When you reproduce the data, keep every word exactly as it stands and leave the pictures out.

» Dataset content
*** Begin section ***

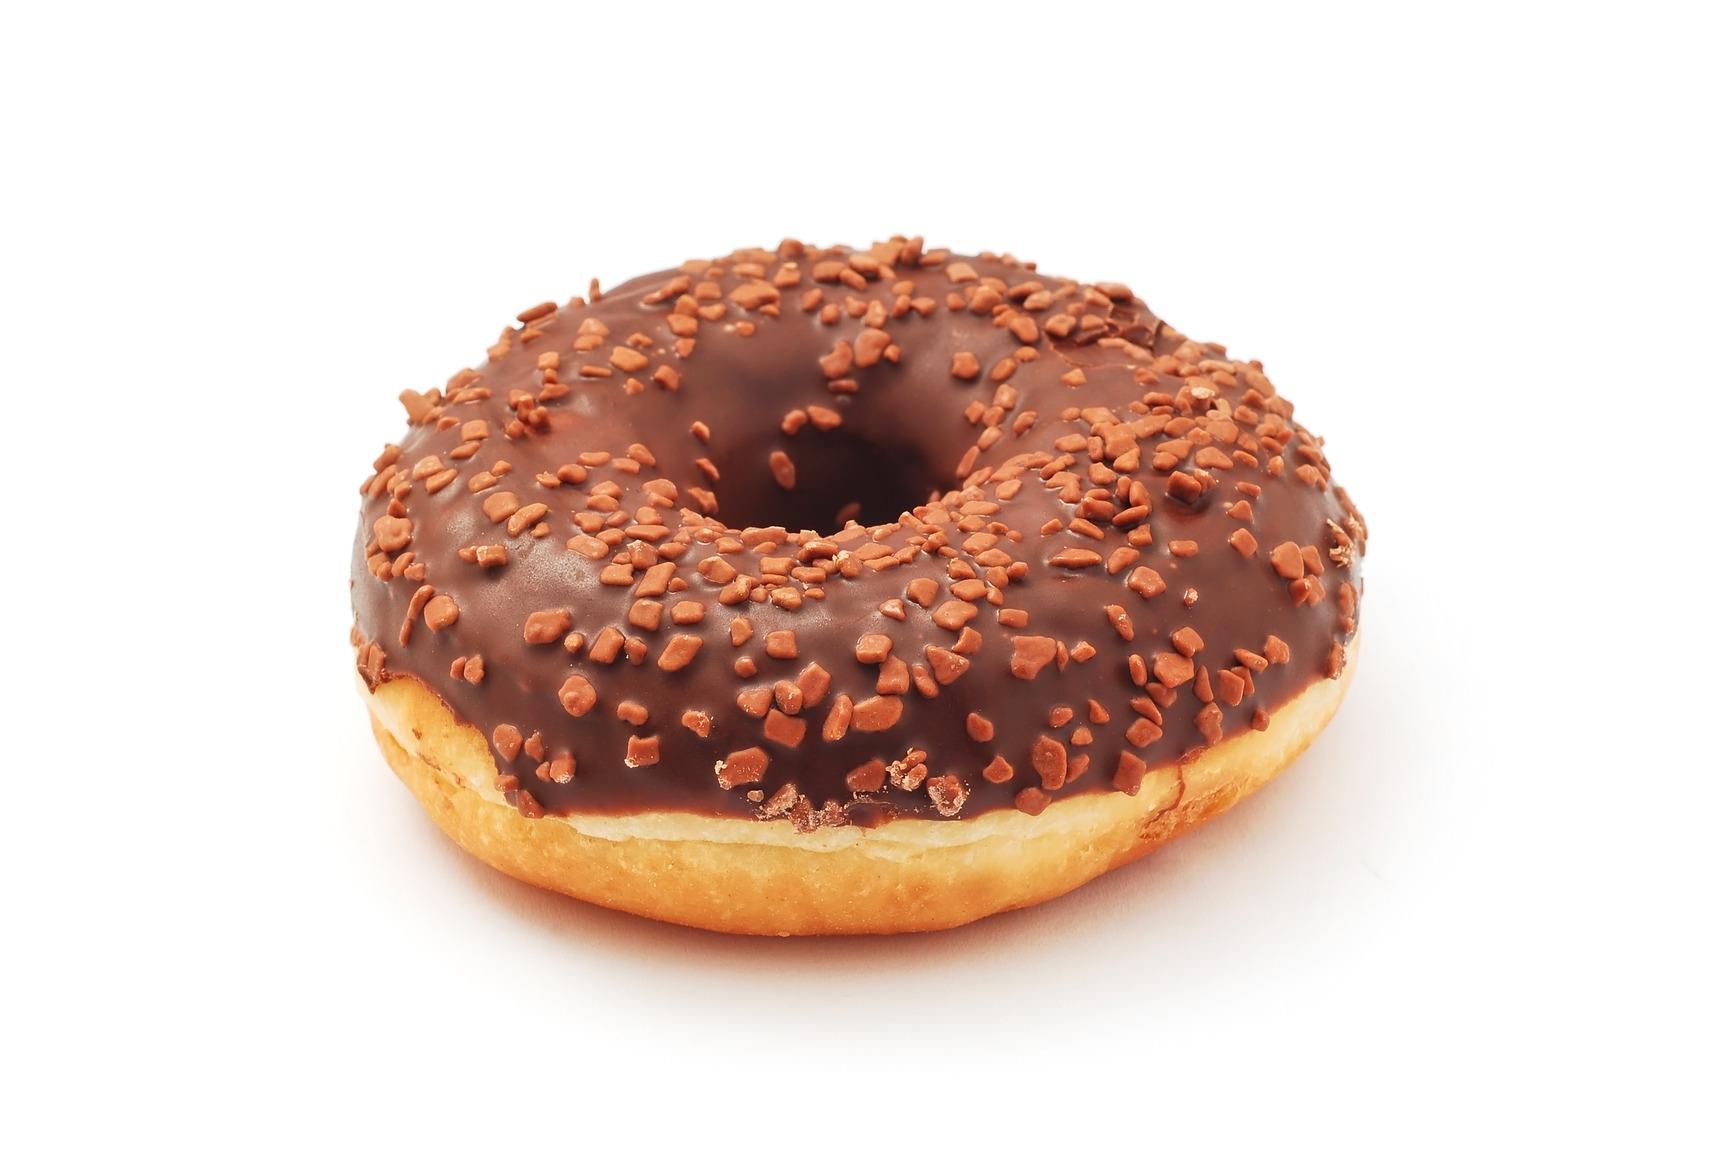 chocolate doughnut on white background
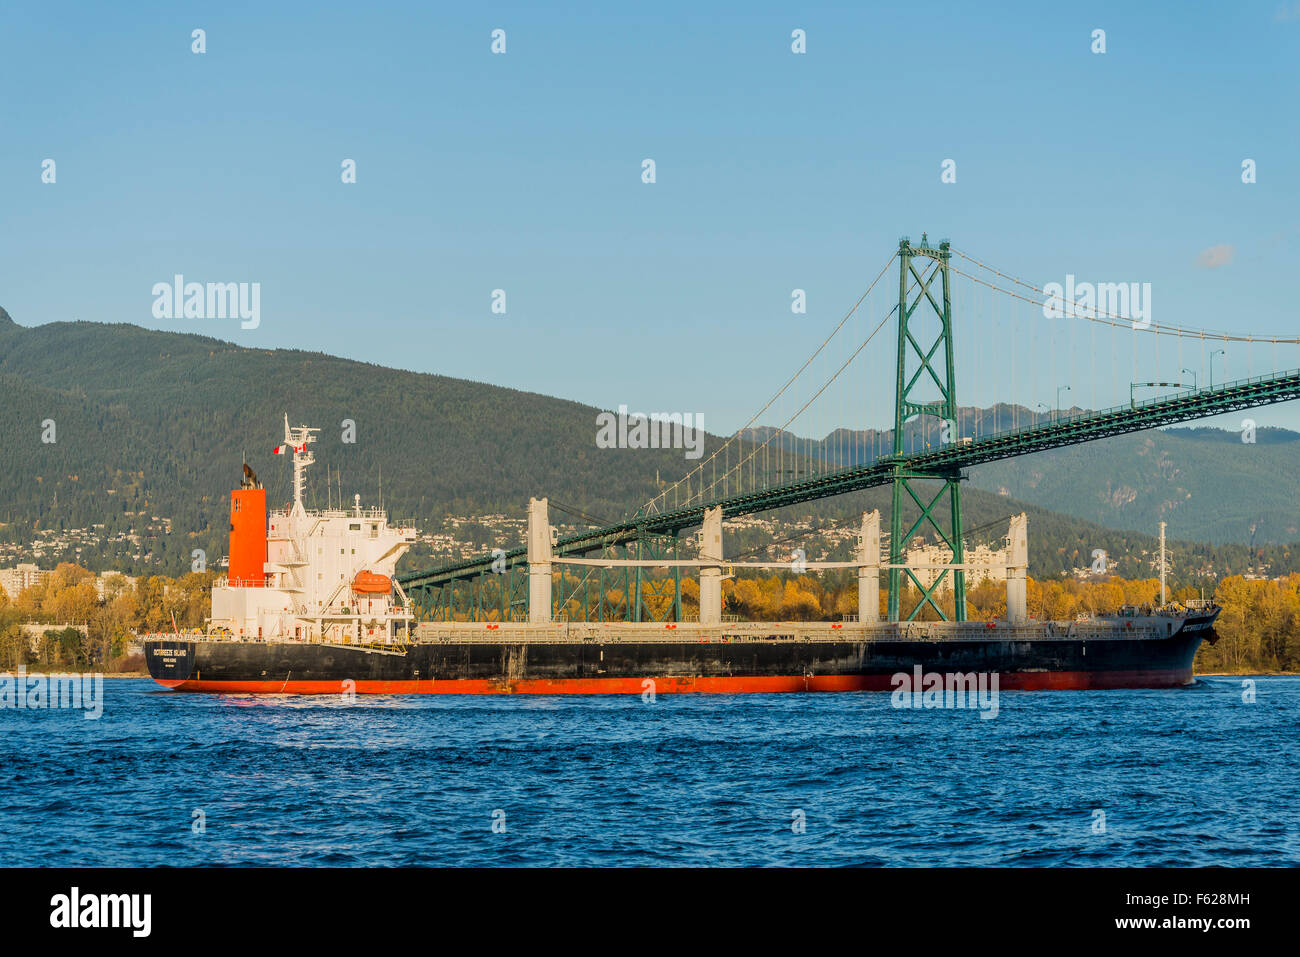 General Cargo ship, Octbreeze Island, passes under Lions Gate Bridge,   Vancouver, British Columbia, Canada - Stock Image
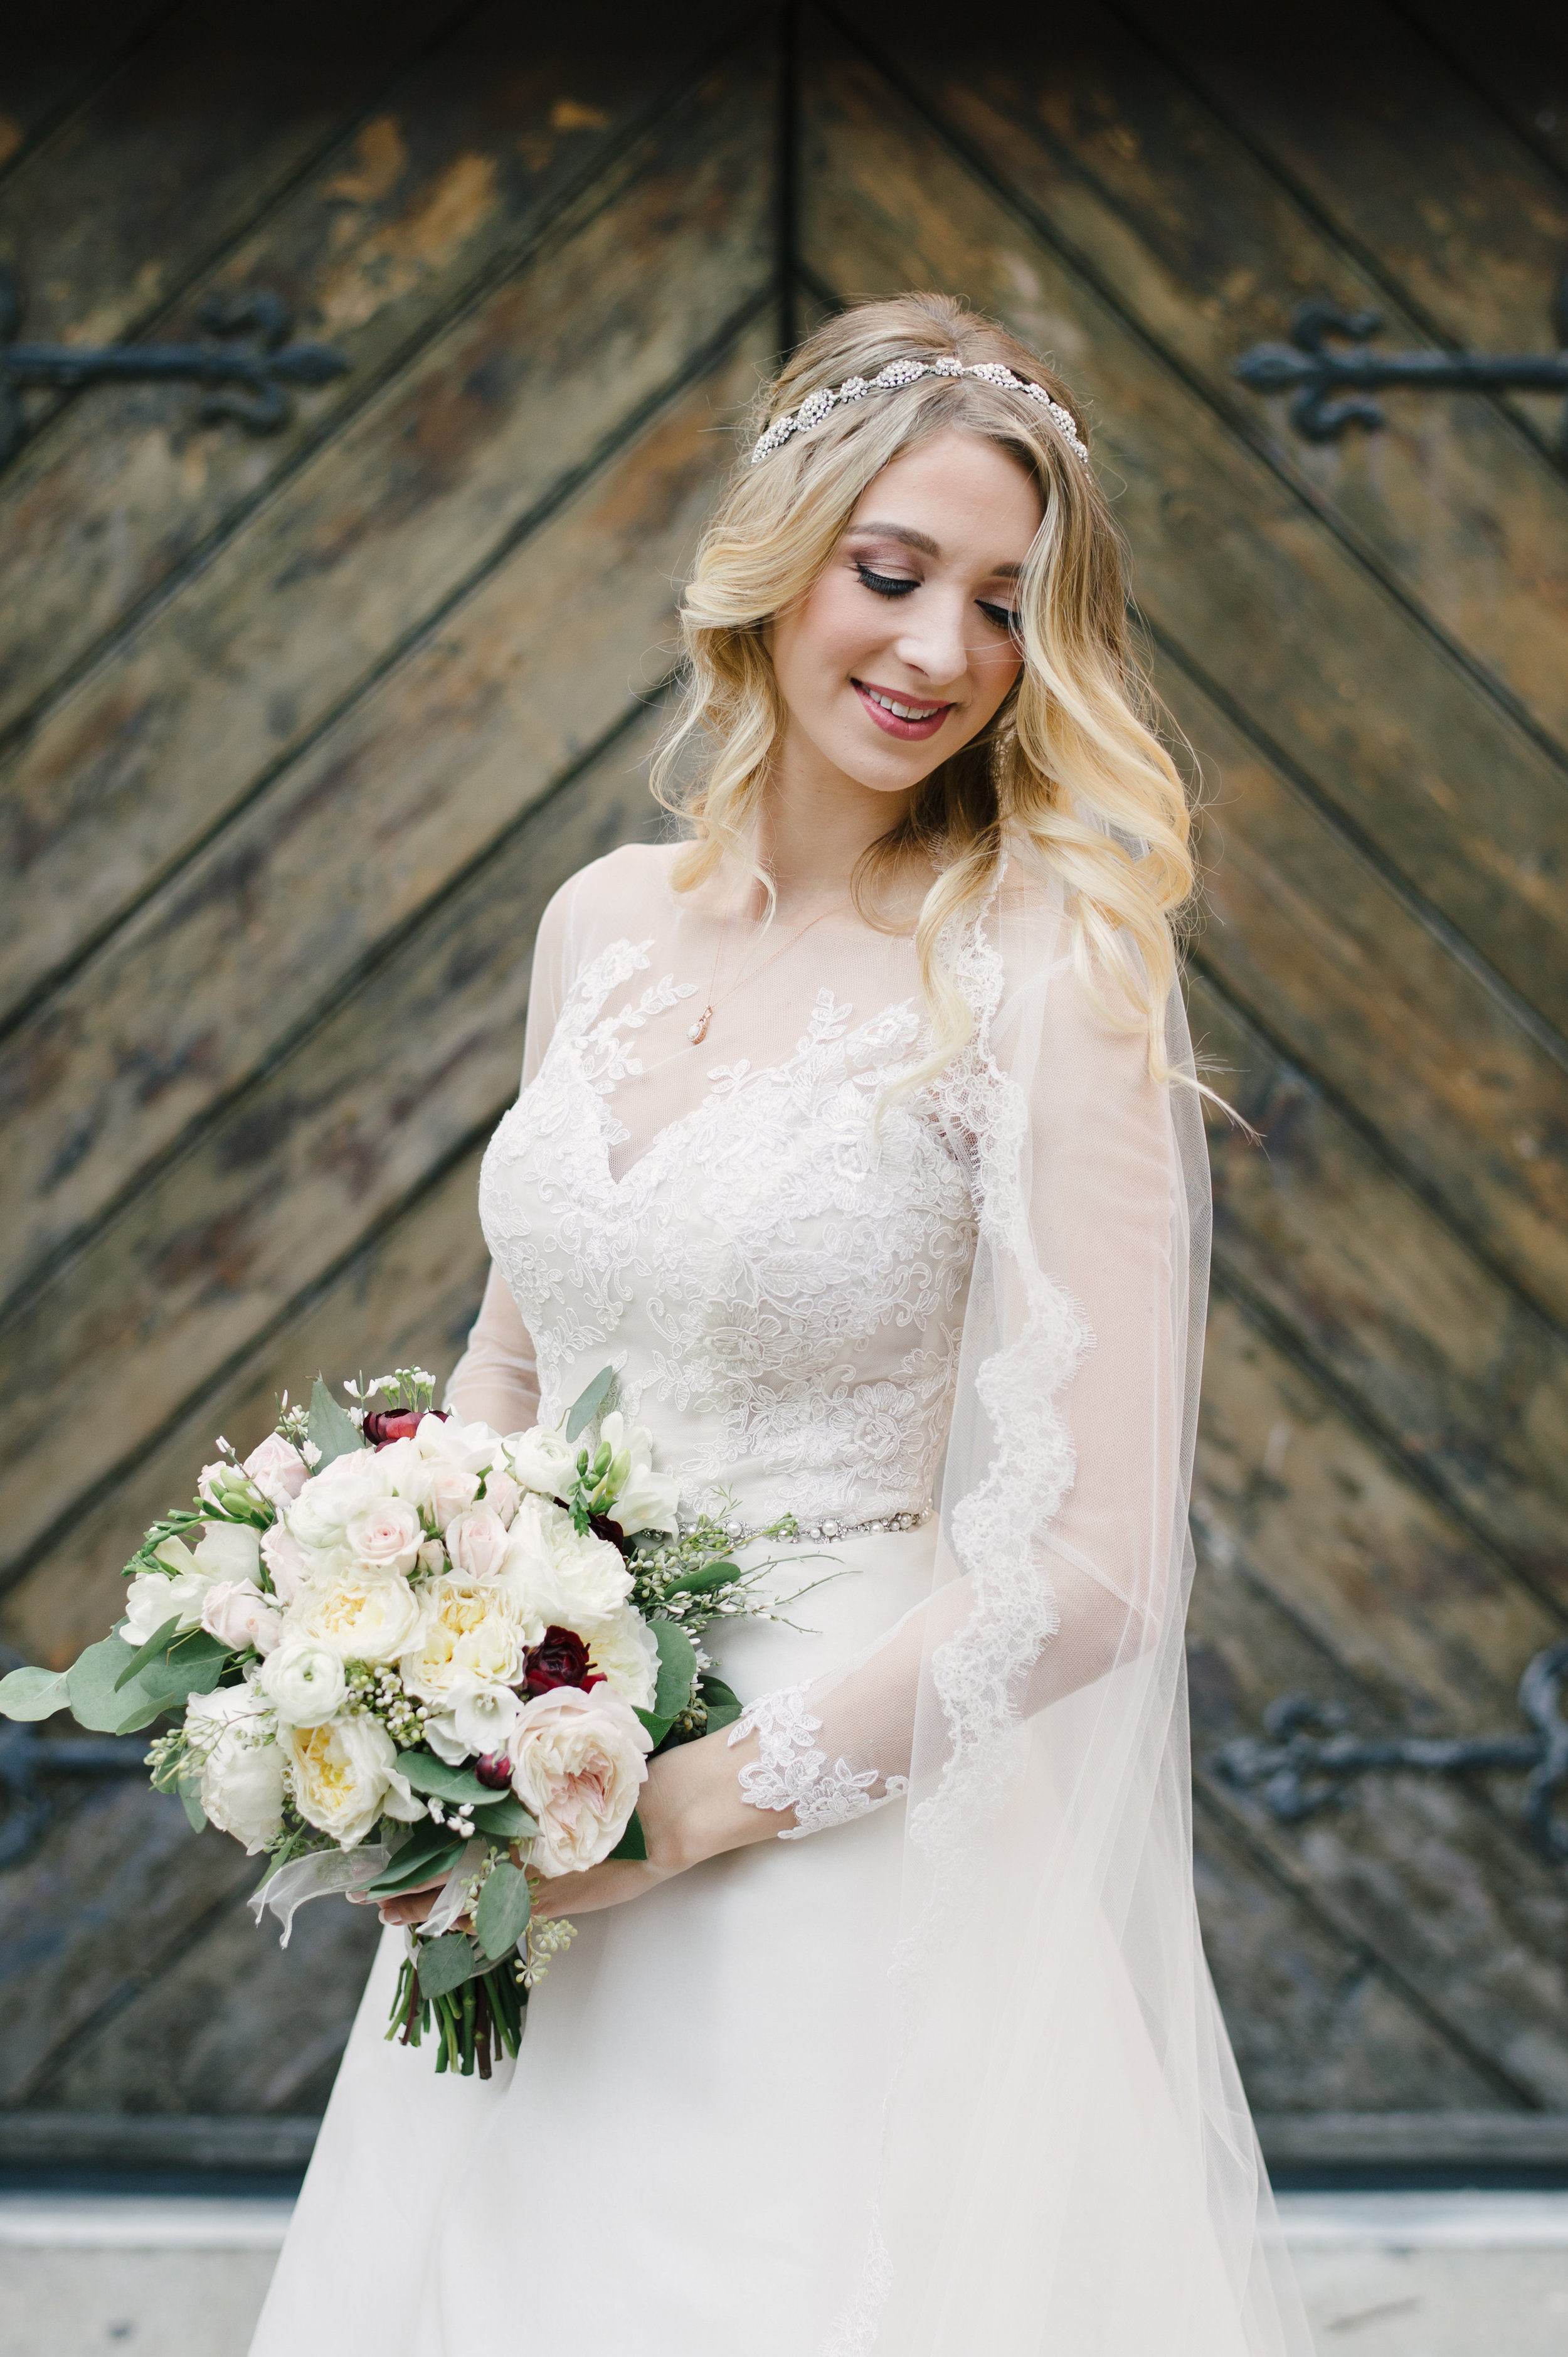 Portraits-Molo-Wedding-Sarah-Street-Photography-115.jpg

*** End section ***

» Expected answer
 chocolate doughnut on white background
 General Cargo ship, Octbreeze Island, passes under Lions Gate Bridge,   Vancouver, British Columbia, Canada - Stock Image
 Portraits-Molo-Wedding-Sarah-Street-Photography-115.jpg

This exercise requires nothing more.